Percipio also uses Azure AI models to vectorize content and search queries. The AI models generate numerical vectors, which encode the meaning of a section of text. We compute and store vectors for all content published in Percipio. These vectors can be compared to find content that has similar meaning to the search query, even if the search query does not use the exact same words that are used to describe the content.

How search works

When you enter a search term, the search engine looks for matching indexed asset metadata fields and content types. When a match is found, a relevance score is calculated for each asset. If you have your language set to any language other than English (US) you can also see English content in the search results along with results in your selected language provided your admin has enabled Include English (US) content in localized search results. A Language filter option displays.

In addition, when a learner's Percipio language is set to any non-English language and a learner performs a search in that language, search includes matching results in any of the locale variants for that language. For example, when Percipio is set for French (FR) and a learner performs a search in French, search will return matching results in both French (FR) and French (CA) as well as English. The languages that currently support this functionality are:

Spanish (DO and ES)
French (CA and FR)
Portuguese (BR and PT)

Keyword search

For a single word search term, Percipio looks for simple word matches. For multiple words, it also searches for phrase matches and assets that contain most of the terms. For example, if you search on the phrase project management your search will return matches based on both words, not based on all assets that contain either project or management.

Quotes are not necessary for an “exact phrase match” since this is done automatically when a multiple word search term is entered.

Content Type search

Search will recognize certain content types when they are included in the search query. For example, a search for leadership audiobooks will match on the term leadership and apply a boost to all matching audiobooks. Searching for just audiobooks will return a list of only audiobooks the learner is entitled to.

Recognized content types include:

Audiobooks
Aspire Journeys
Live Events
Testpreps
Live Courses
Practice lab
Skill benchmark
AI Simulator (CAISY™)

Searching on these terms returns all items of that content type.

Metadata fields used in search

The asset metadata fields used in a search, include:

Asset and channel titles
Asset and channel descriptions (overview)
Book author / Video speaker / Course instructor names
Book ISBNs
Publisher names
Course, video and book IDs
Certification exam names and numbers
Technology and version
Video transcripts and book full text
Content source
Job role family
Skills

Type ahead

Type-ahead displays suggested terms as you type in the search field.
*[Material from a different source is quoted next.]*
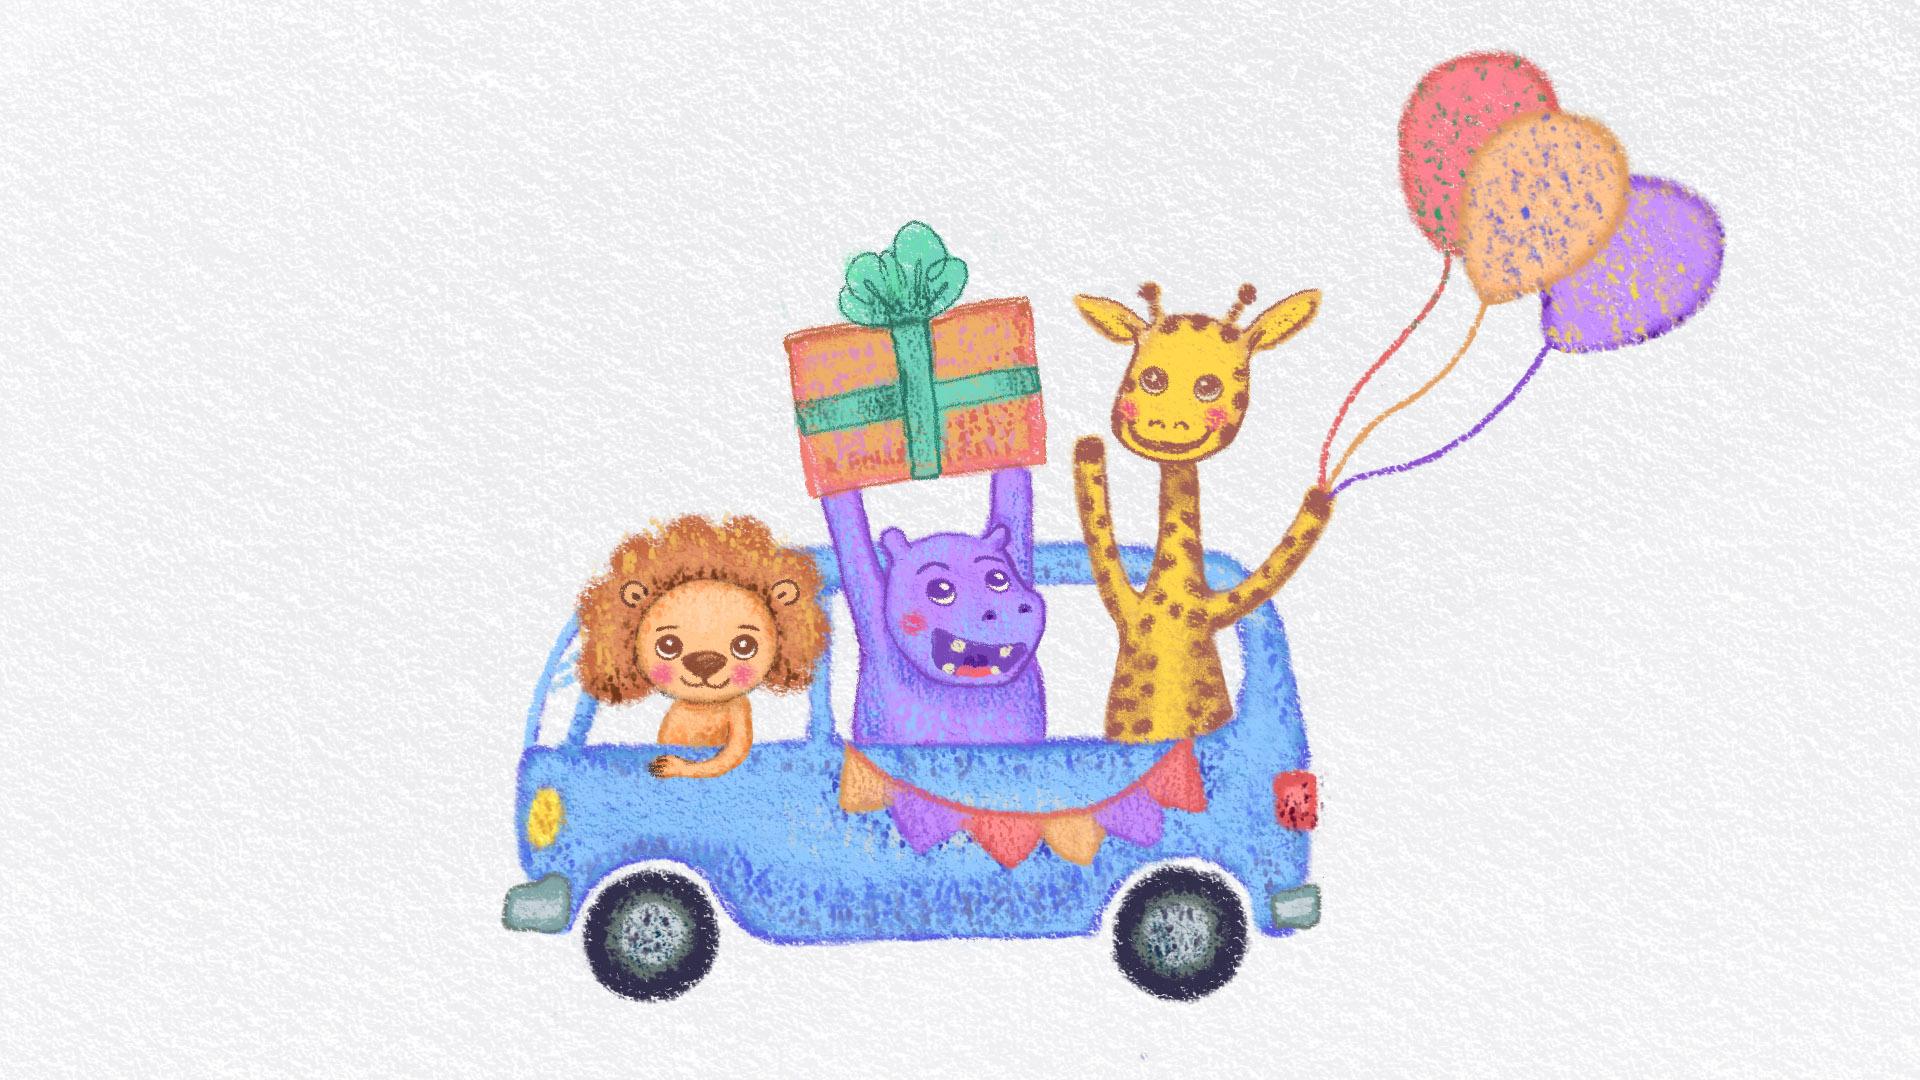 Animated happy birthday card, Procreate, 2020

These suggestions are compiled from several sources:

A curated list of common search terms
Certification exam names and numbers
Channel and asset titles
Author and instructor names

Selecting a suggested term enters it into the search field and executes the search.

Word stemming / word forms

Word stemming looks for different forms of words, so that relevant results are not omitted. In addition to searching for exact word/phrase matches, the search engine reduces words to their common form. For instance, the words "programming," "programmer," "programmed," "programs," and "program" will all count as matches.

Exact matches are scored higher than stemmed matches.

Synonyms

If the search term is not used in any asset metadata, a match may not be found. Therefore, the search engine uses synonyms to define equivalent or related terms.

For example, you want to find content on the Internet of Things. You enter the search term iot, but some content may not use this acronym in the descriptive metadata. The search engine has a defined synonym making iot equivalent to the text “internet of things” so the search for iot will match content that contains “internet of things".

Additionally, terms such as "accessibility," "wcag," and "section 508" are considered related. A course on accessibility may not use the term "section 508" in the asset metadata, but a search for that term will return accessibility-related assets.

"Coaching" and "mentoring" are very closely related, but an asset might use only one of these terms in the metadata. Using synonyms to associate these related terms fosters a successful search.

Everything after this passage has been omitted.